Arbitration. In the event any dispute cannot be resolved through mediation the Parties agree to submit such dispute to binding arbitration. Any such arbitration arising hereunder shall be conducted in Houston, Texas in accordance with the rules of the American Arbitration Association then in effect. The costs of arbitration shall be borne equally by the Parties. However, each Party shall be responsible for such Party's own attorneys' fees.

ARTICLE VI.

CONFIDENTIALITY

6.1

   

Confidentiality. This Agreement is confidential, and the substance may be disclosed only as mutually agreed by the Parties or as may be required by law.

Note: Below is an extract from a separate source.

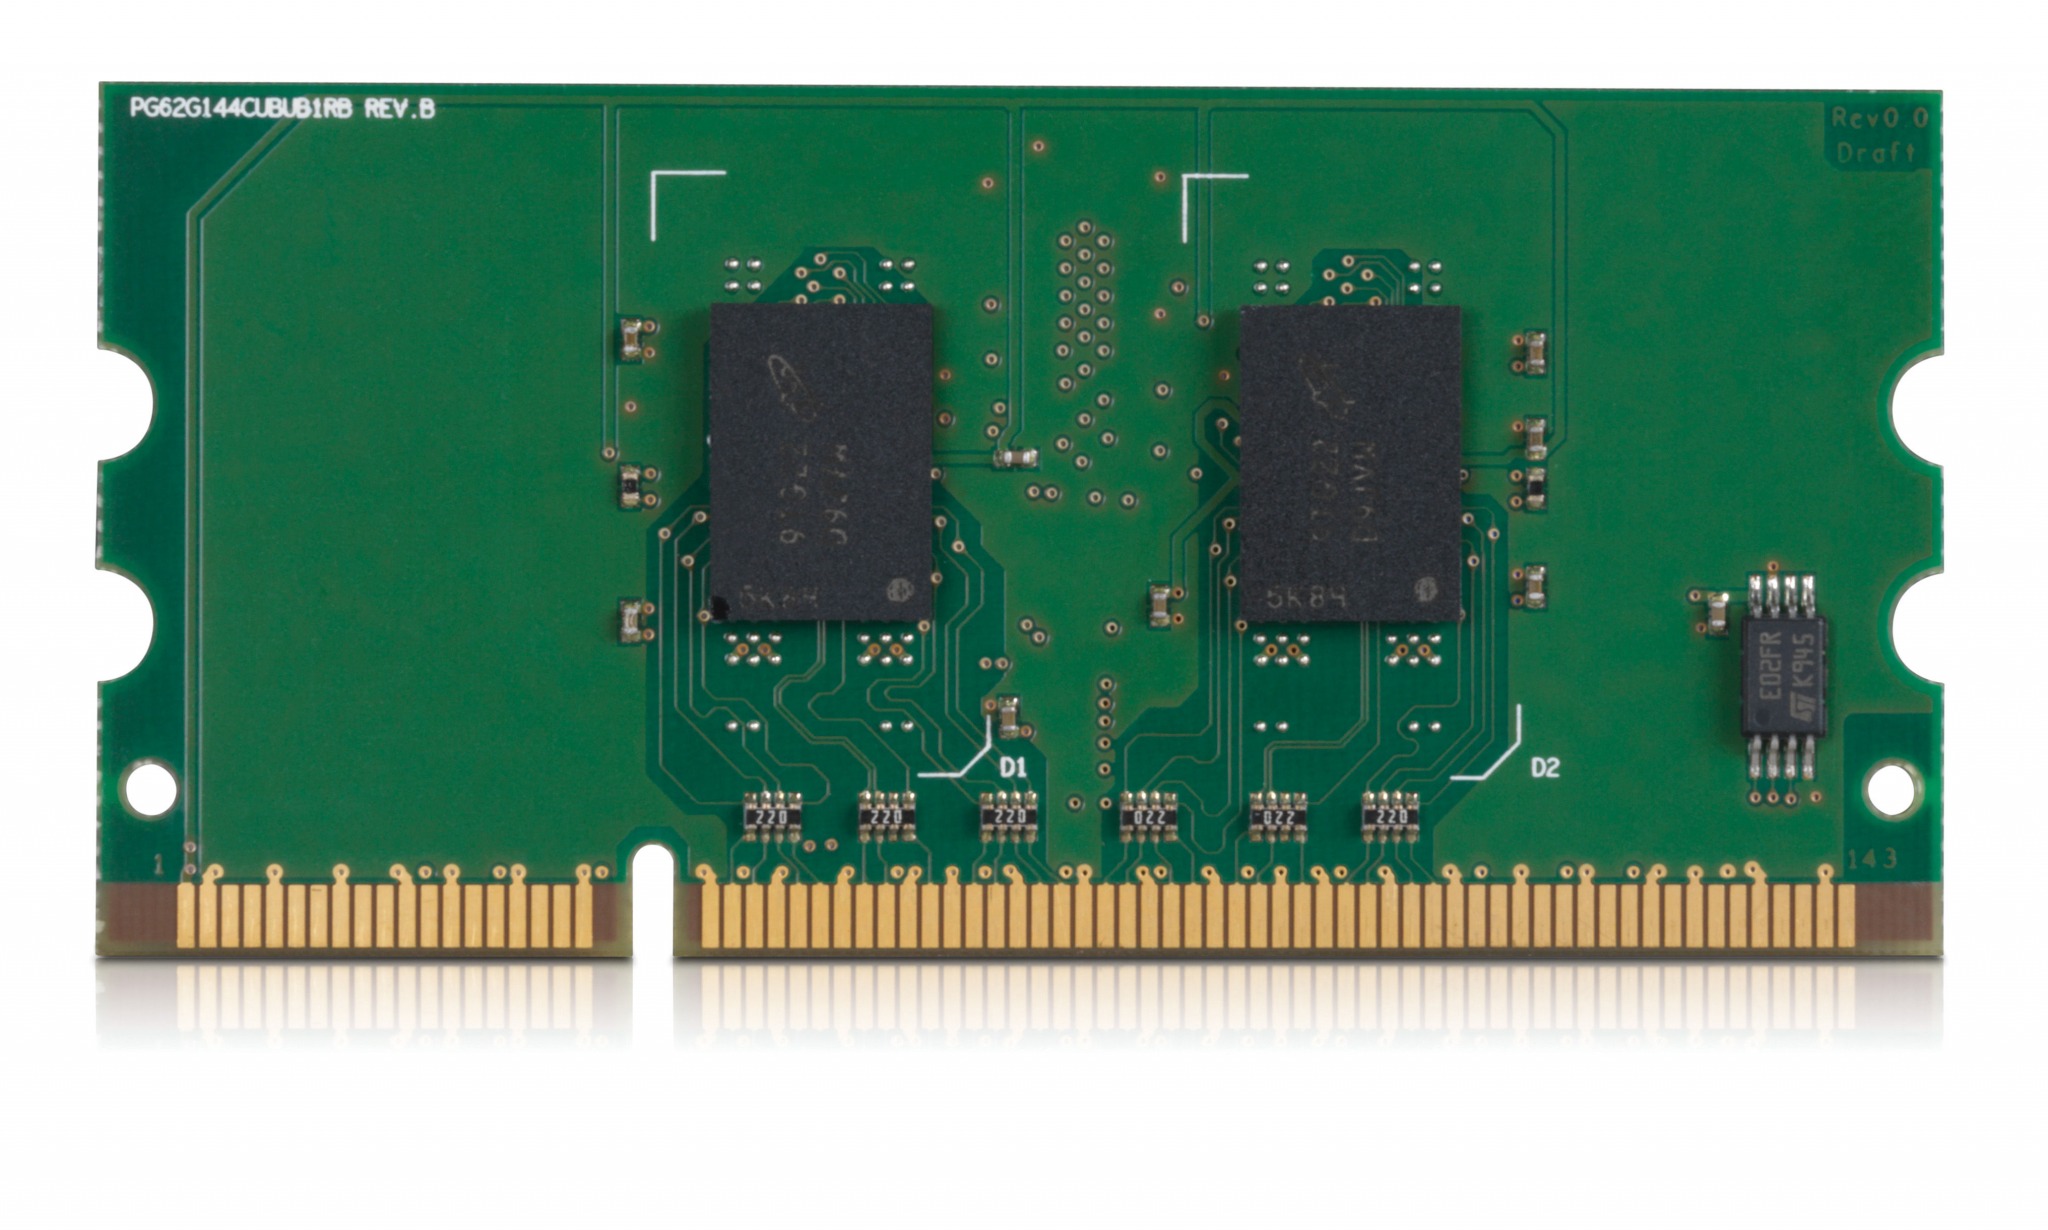 Купить память на 256. DIMM Memory 256mb. Ddr2 256mb.

IN WITNESS WHEREOF, the parties have executed this Agreement as of the day and year first above written effective as of the Effective Date.

THE COMPANY:

DXP Enterprises, INC., a Texas corporation

By: /s/ David R. Little

Printed Name: David R. Little

Title: Chairman & CEO

EXECUTIVE:

By: /s/ Mac McConnell

Mac McConnell

Senior Vice President and Chief Financial Officer

 

NAME

Mac McConnell

POSITION

Senior Vice President, Chief Financial Officer

MONTHLY BASE

$14,166.67

BONUS

Three fourths of one percent (0.75%) of the monthly profit before tax of DXP Enterprises, Inc., excluding sales of fixed assets and extraordinary items, as determined by DXP, which shall be payable monthly in accordance with the Company's regular bonus practices. Notwithstanding the foregoing, the annual total of the monthly bonus shall not exceed twice the annual base salary.

NON-COMPETE PERIOD

Twelve (12) Months

HOME ADDRESS

254 Maple Valley Road

Houston, TX 77056

TERMINATION BONUS

The sum equal to the total of twelve (12) previous monthly bonus payments made to Employee in accordance with Section 1.4(b) of this Agreement.